JPS5975124A - Method and device for measuring boom load - Google Patents

Abstract

(57) [Summary] This bulletin contains application data before electronic filing, so abstract data is not recorded.

Description

[Detailed description of the invention] Regarding the device.

As such a load measuring device, for example, United States Patent Application No. 2,319,299 discloses a device that uses deformation of a beam to measure the load of an object suspended from the tip of a boom.

The measured beam deformation is proportional to the load of the object suspended from the end of the main boom, and measurement of such deformation allows a load value to be obtained. As a mechanism having a boom, one that rotates the boom in the vertical direction by operating a hydraulic cylinder that supports the boom within its entire rotation range is generally known. Such a boom is part of a hydraulic crane or other similar device and has a pulley mechanism at its end for lifting the load. The deformation beam used for load measurement is attached to the base of the boom and is fixed so that it deforms in proportion to the degree of load applied to the tip of the main boom.

Furthermore, as a mechanism for measuring the degree of load inside a storage container, a mechanism consisting of a strain gauge that can be attached to a support leg of a large storage container is generally known. Such strain gauges are made of a special metal whose impedance changes in proportion to the strain forces exerted on the support legs of the container to which they are attached. This impedance is detected electrically and processed by a load measuring device.

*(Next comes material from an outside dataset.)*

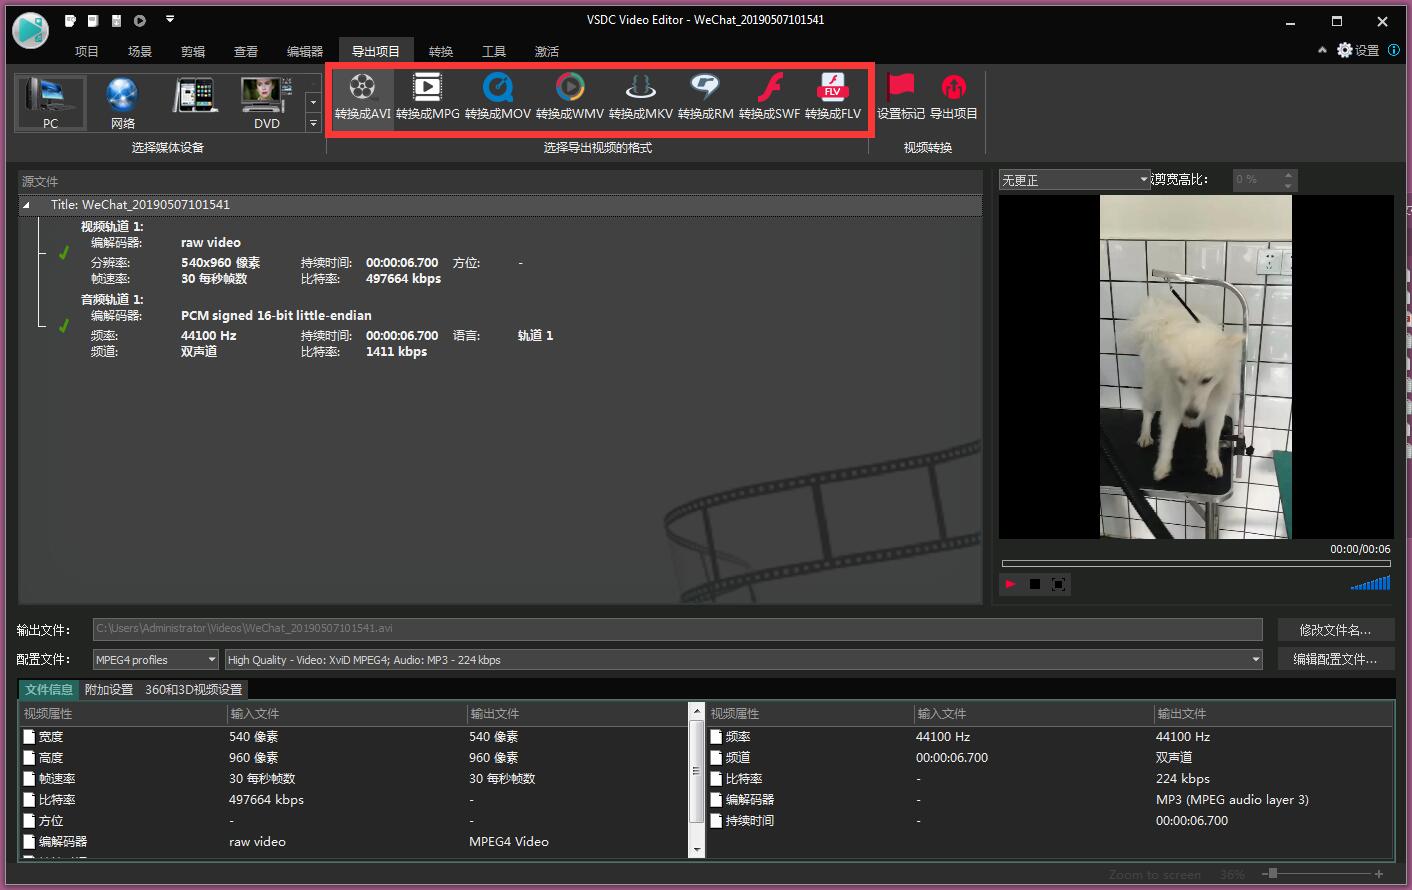 VSDC Video Editor Pro 8.2.3.477 downloading

Such strain gauges are manufactured by Kistler ΦMors Corporation (Klsl
There is one made by Morse Corporation, which is commercially available.

Further, United States Patent Application No. 3,490,015 discloses a load measuring device that uses a dynamometer attached to the tip of a boom for suspending an object to measure the load applied to the tip. Also, United States Patent Application No. 2030
No. 529 discloses a load measuring device that utilizes a pulley mechanism that determines the path of a load supporting cable to measure the load of an object suspended by the cable. In addition, U.S. Pat. No. 3,756,423 discloses a load measuring device having a load cell installed at the load suspension end of a boom to directly measure the load applied to the hoisting cable. A more commonly known mechanism is one in which a pressure transducer is installed inside the hydraulic cylinder that supports the load-supporting boom. such electrical signals are then converted into loads.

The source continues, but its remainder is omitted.